An exact copy of the data is required. No picture may appear in it.

Available data:
────────
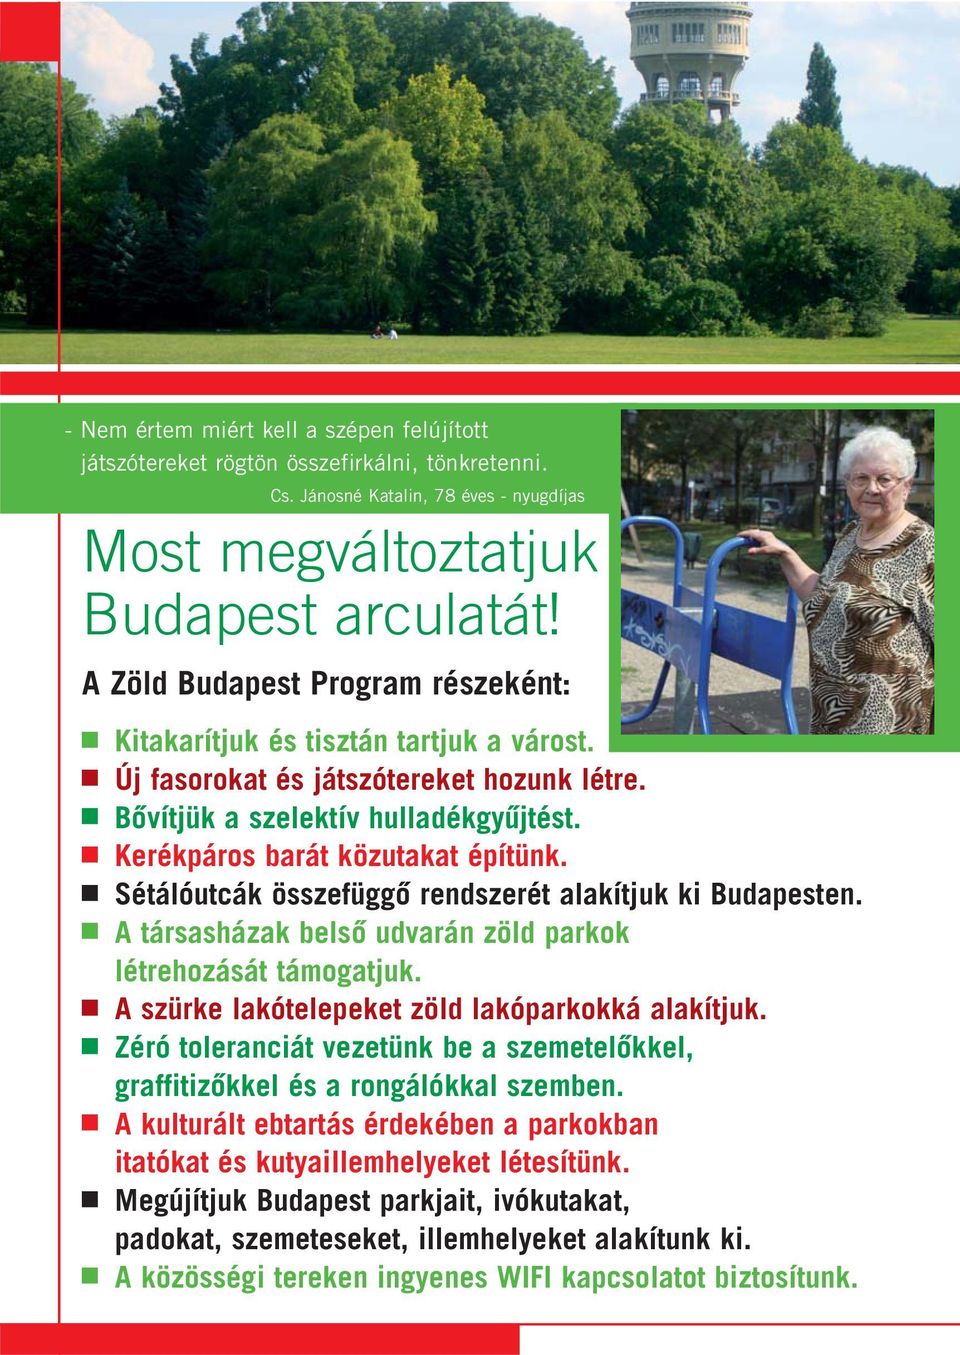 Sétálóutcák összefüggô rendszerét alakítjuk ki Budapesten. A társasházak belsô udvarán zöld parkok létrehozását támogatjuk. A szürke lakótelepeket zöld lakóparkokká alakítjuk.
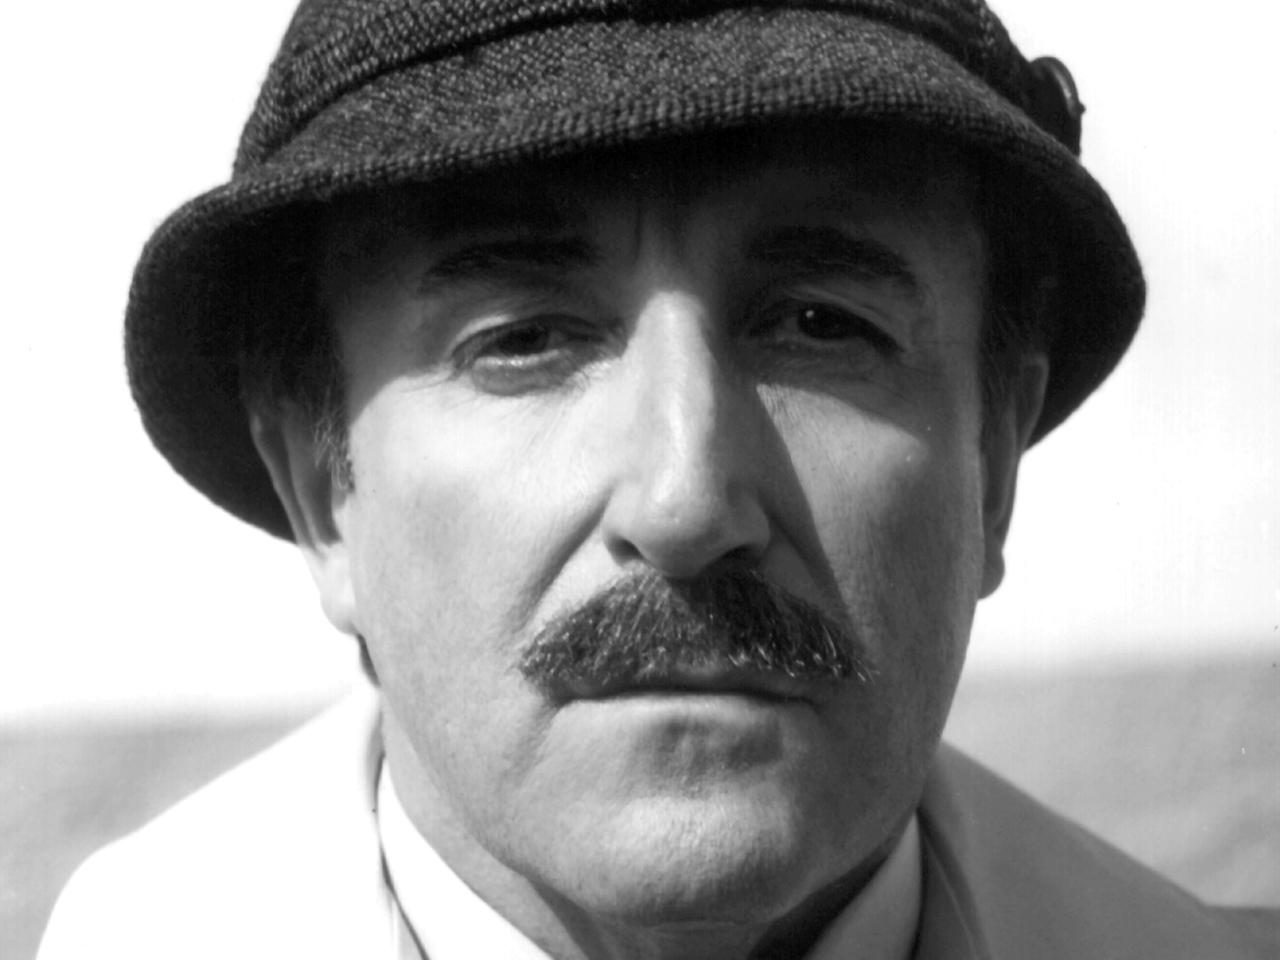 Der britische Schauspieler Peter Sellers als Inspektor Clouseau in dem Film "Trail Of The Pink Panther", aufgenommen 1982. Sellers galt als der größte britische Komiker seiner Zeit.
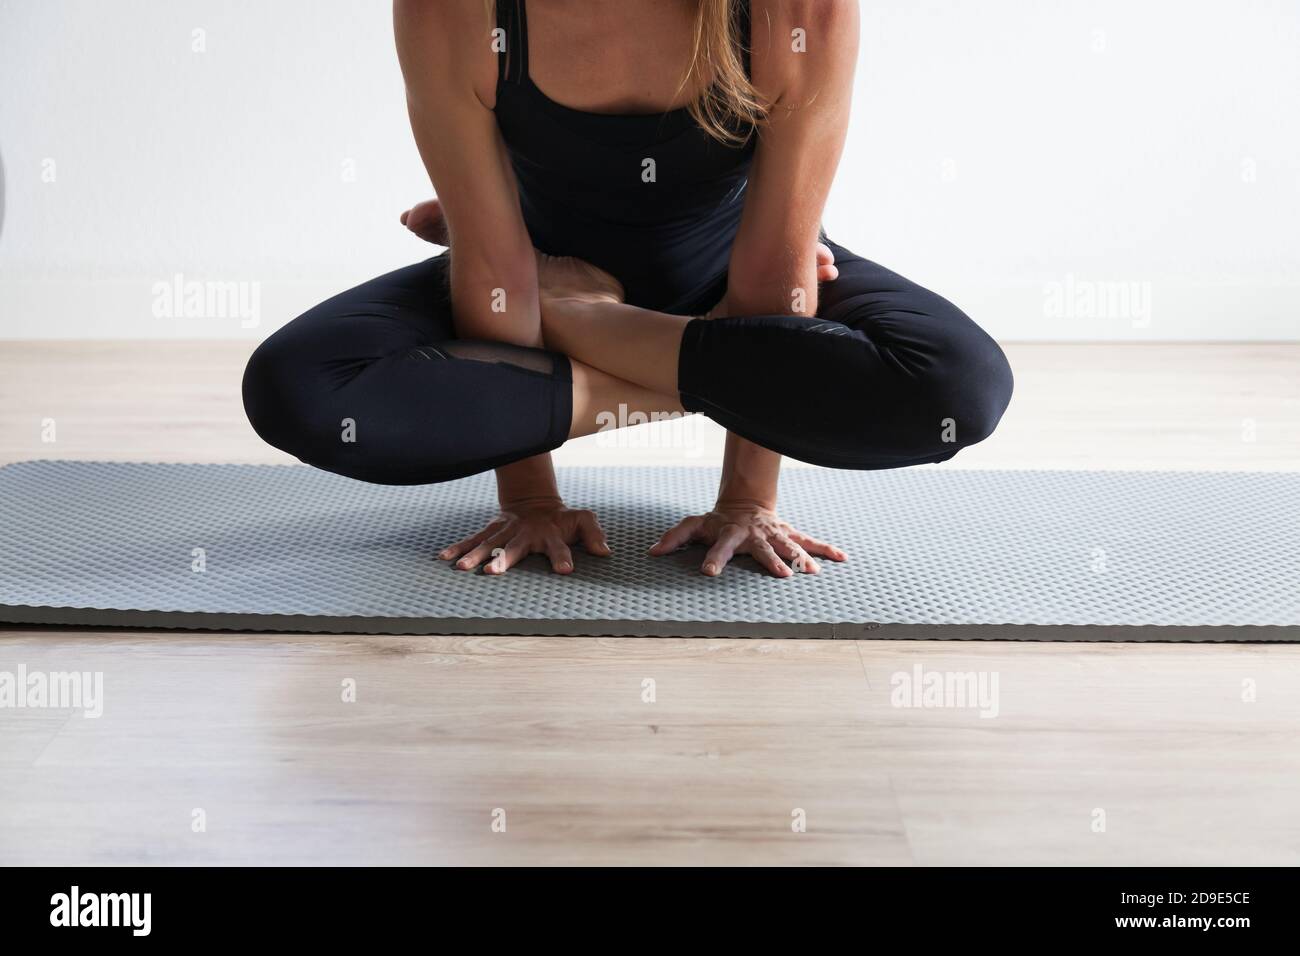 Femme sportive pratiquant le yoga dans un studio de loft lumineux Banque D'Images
────────
Exercise result:
 Sétálóutcák összefüggô rendszerét alakítjuk ki Budapesten. A társasházak belsô udvarán zöld parkok létrehozását támogatjuk. A szürke lakótelepeket zöld lakóparkokká alakítjuk.
 Der britische Schauspieler Peter Sellers als Inspektor Clouseau in dem Film "Trail Of The Pink Panther", aufgenommen 1982. Sellers galt als der größte britische Komiker seiner Zeit.
 Femme sportive pratiquant le yoga dans un studio de loft lumineux Banque D'Images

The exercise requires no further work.